# MMS isn't working



## Austin (Jul 4, 2012)

Hey guys. I tried posting in the carbon thread on xda but to no help. Mms is only working through sliding messaging and wifi off. I'm running the 4/7 nightly. It also happened on liquid( 4/12 build and I think 4/14 nightly) but I wasn't able to check If it worked with wifi off. I changed the APN file too, through manually editing it and through sliding messaging. Is this fixed in the later nightlies or do I have to do something else.

Thanks!

Sent from my SCH-I535 using Tapatalk 2


----------



## razorloves (Jun 7, 2011)

http://rootzwiki.com/forum/577-carbondev/


----------



## Austin (Jul 4, 2012)

razorloves said:


> http://rootzwiki.com/forum/577-carbondev/


How is this related?

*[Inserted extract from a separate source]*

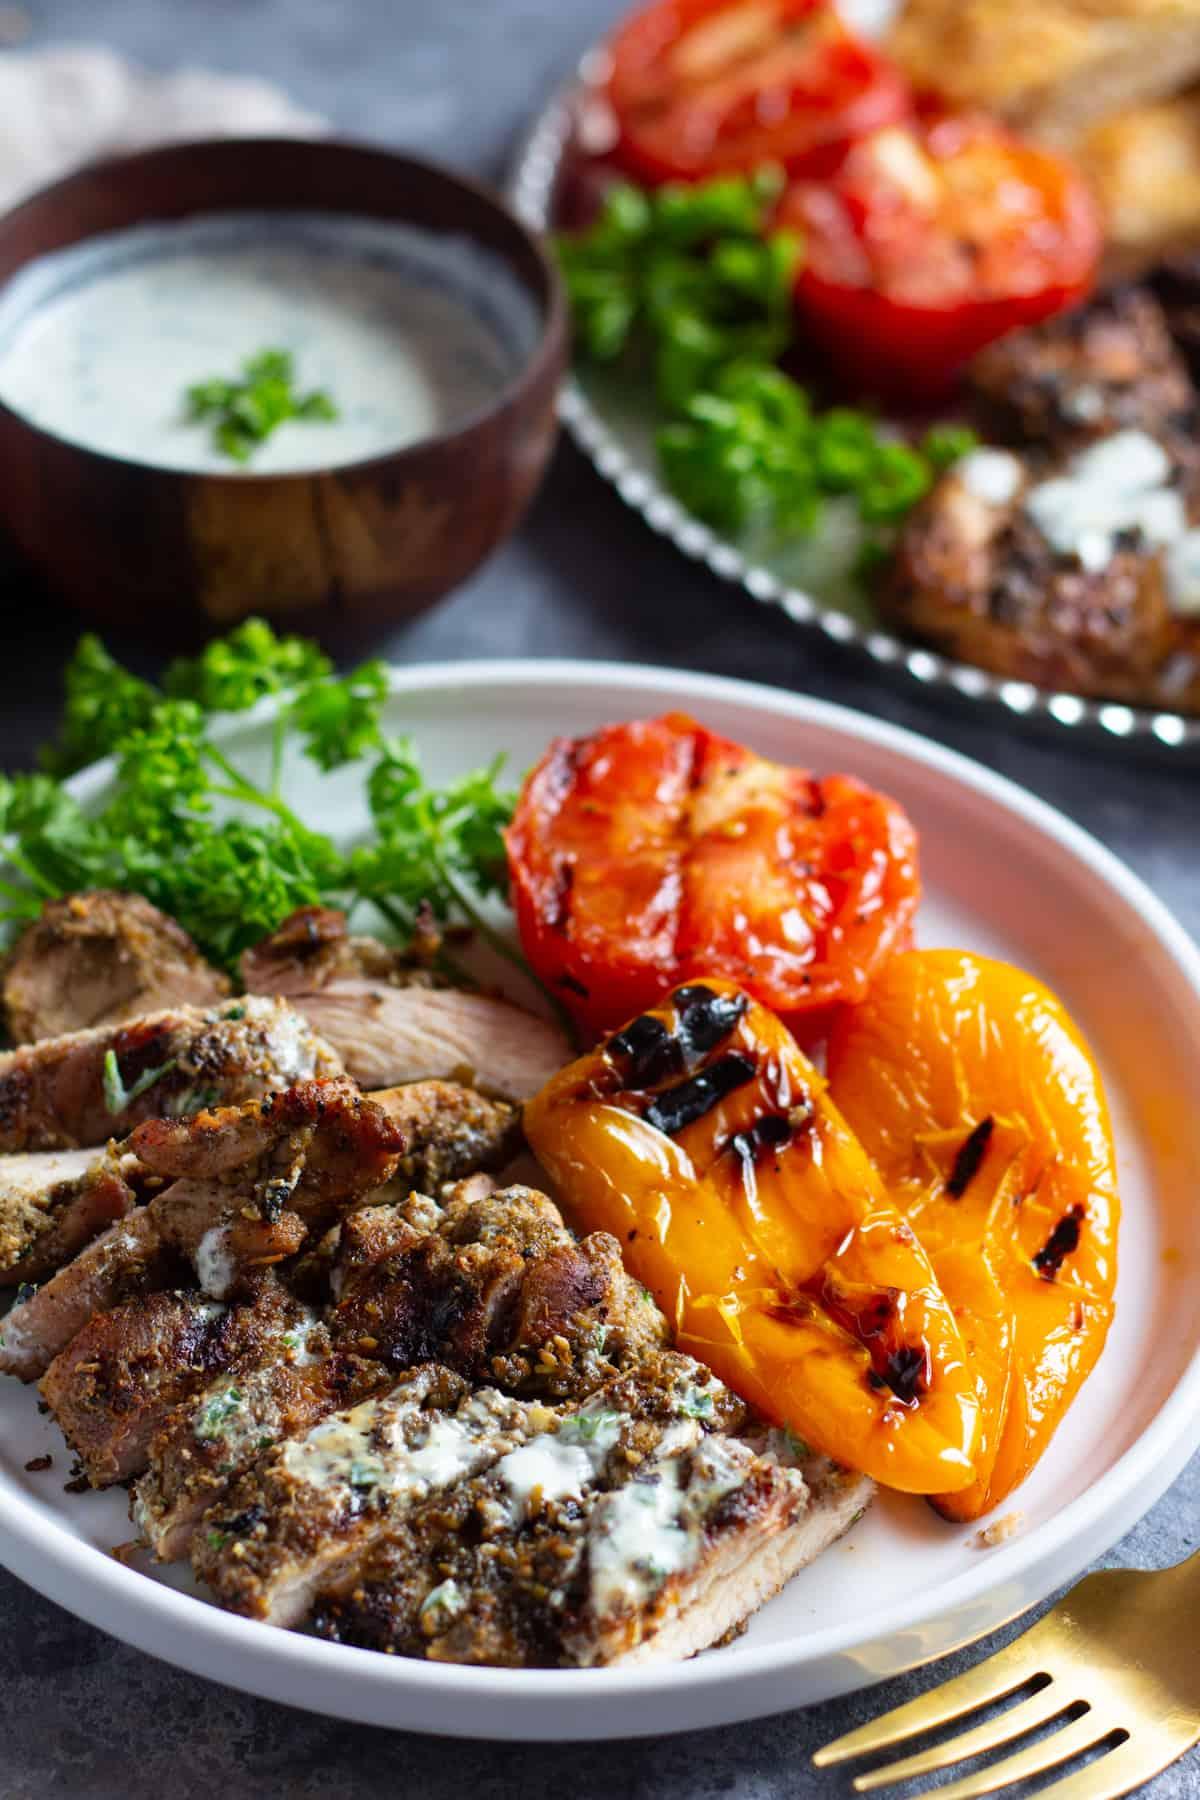 Serve grilled zaatar chicken with grilled vegetables and a herb yogurt sauce.
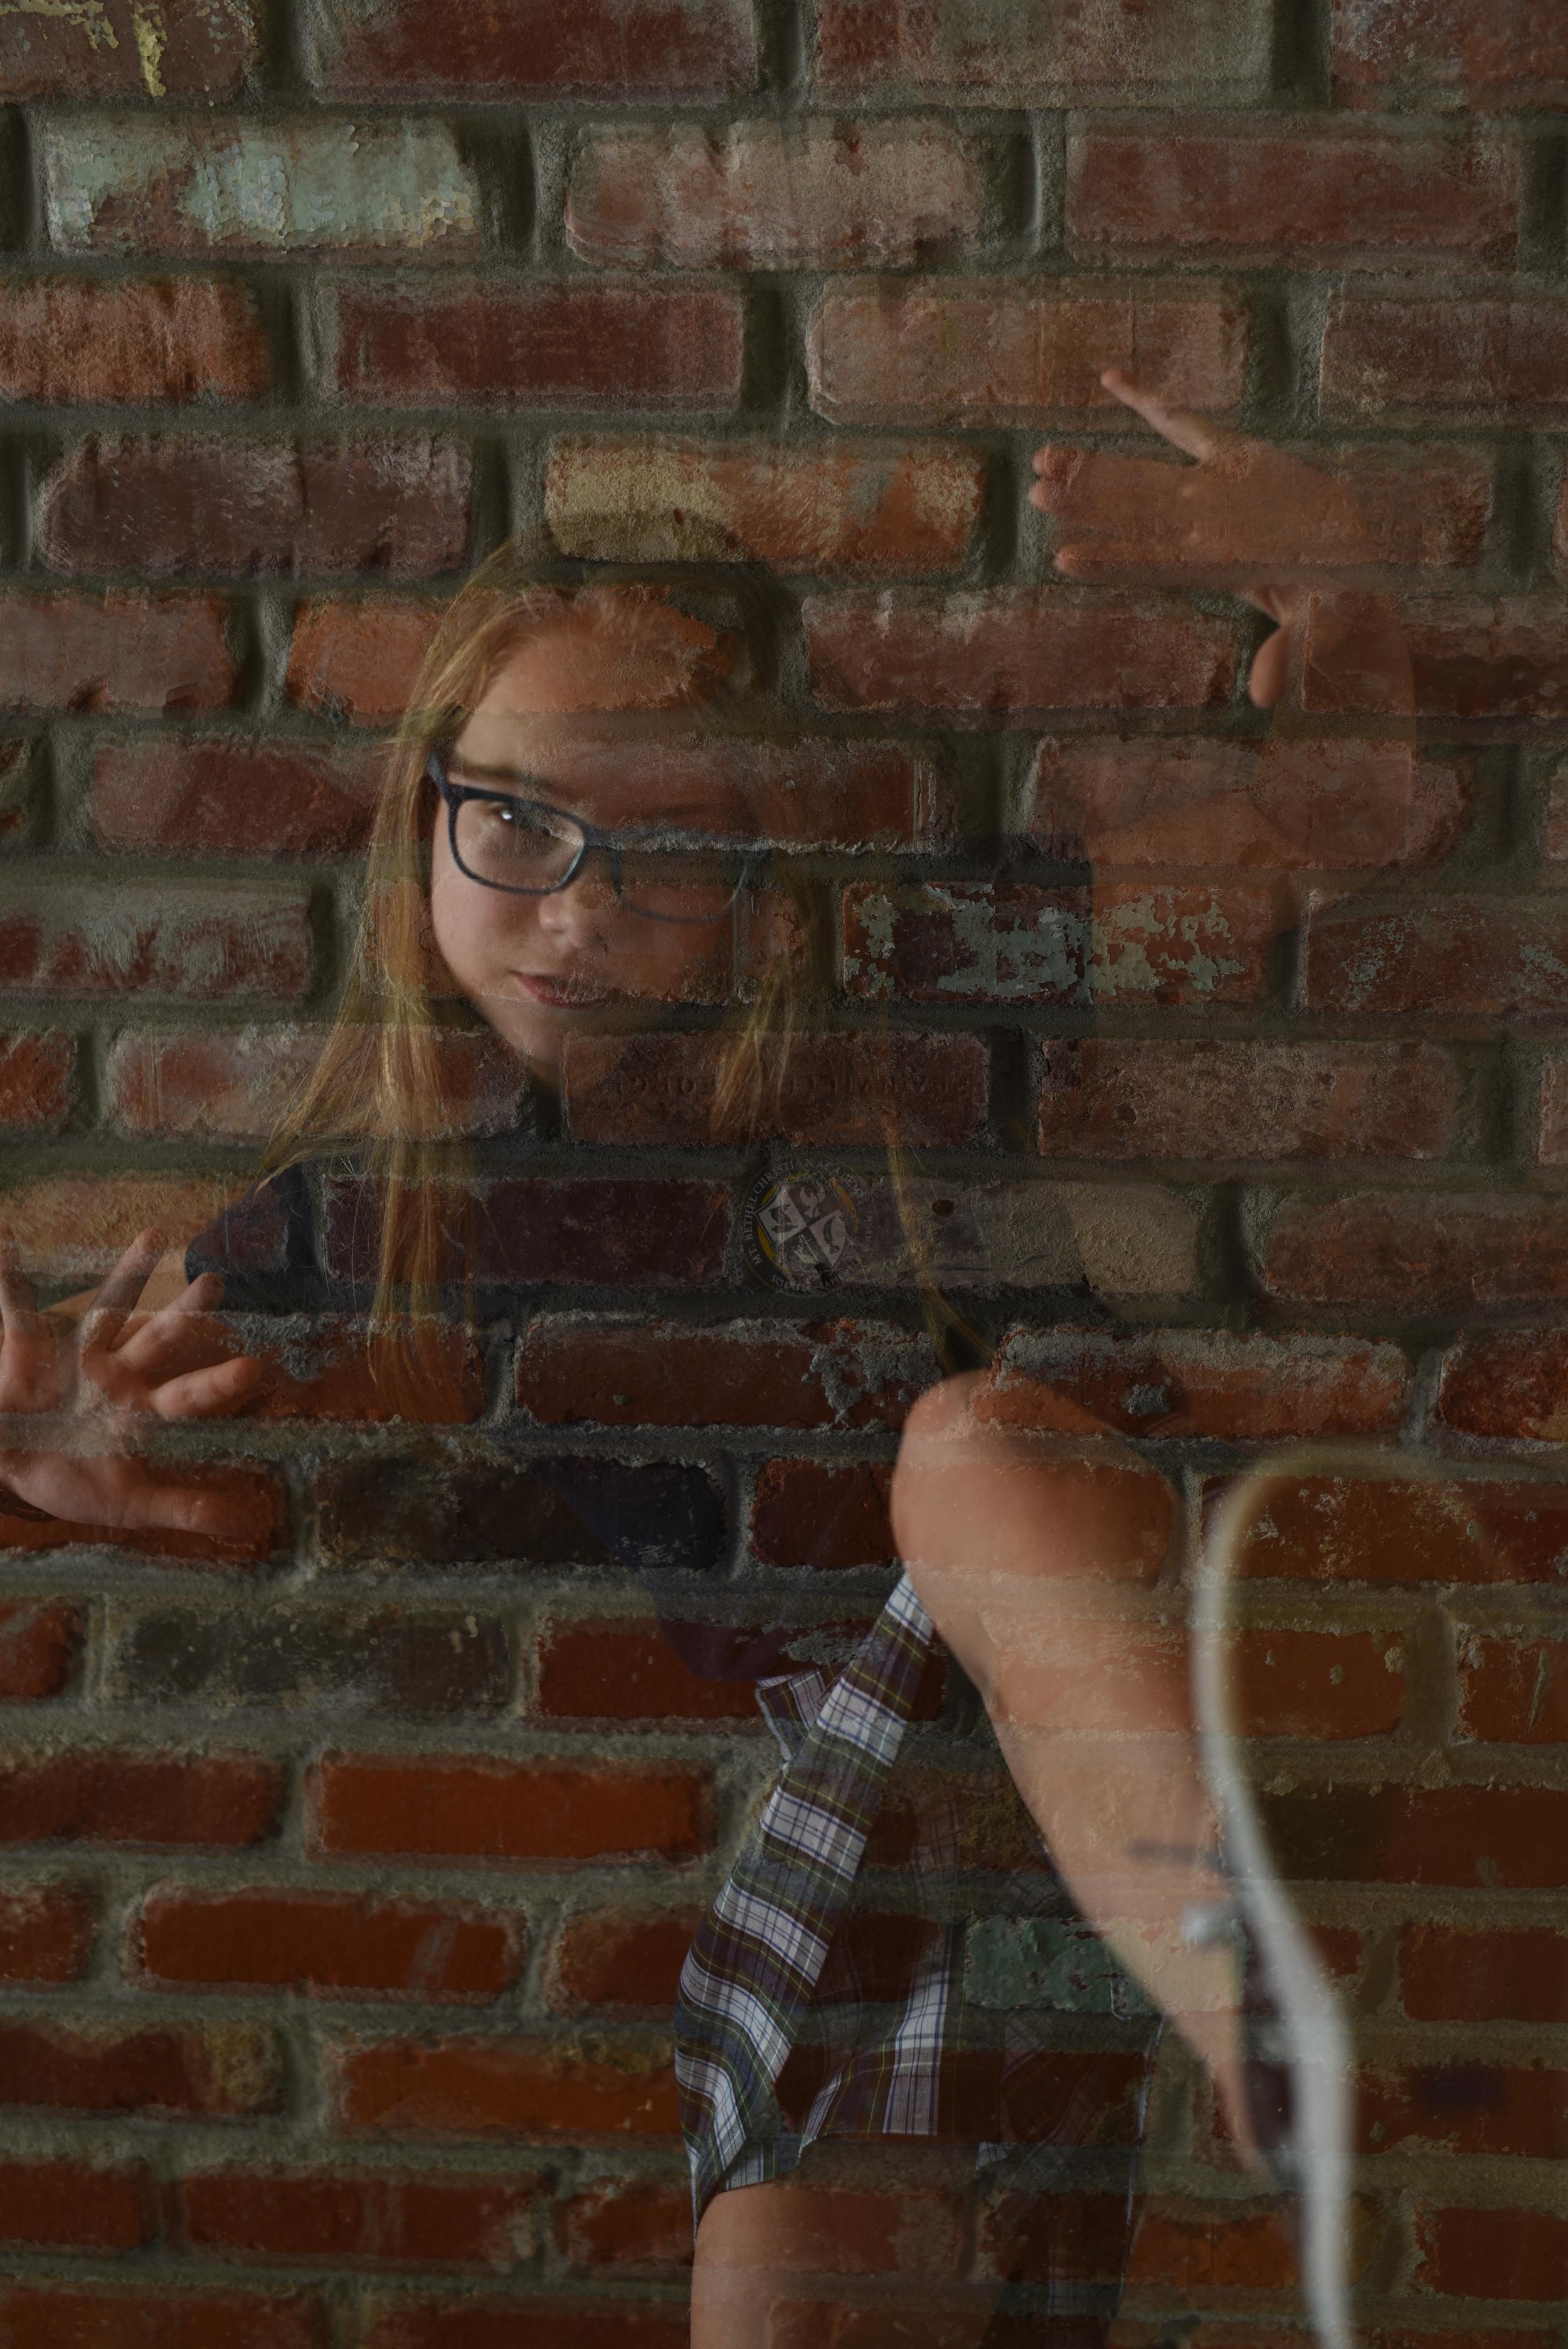 girl-breaking-out-of-bricks.jpg

I'm getting sent to a link for liberty rom for the DROID X...

Sent from my SCH-I535 using Tapatalk 2


----------



## Austin (Jul 4, 2012)

razorloves said:


> http://rootzwiki.com/forum/577-carbondev/


Now I see the carbon thread. I don't think it belongs there because it is happening across all aosp roms.

Sent from my SCH-I535 using Tapatalk 2


----------



## bornx (Oct 16, 2012)

Some ROMs automatically disable mobile data when wifi is turned on. Mms won't send/receive if mobile data is disabled. You can't send mms over wifi.

Sent from my SCH-R880 using Tapatalk 2


----------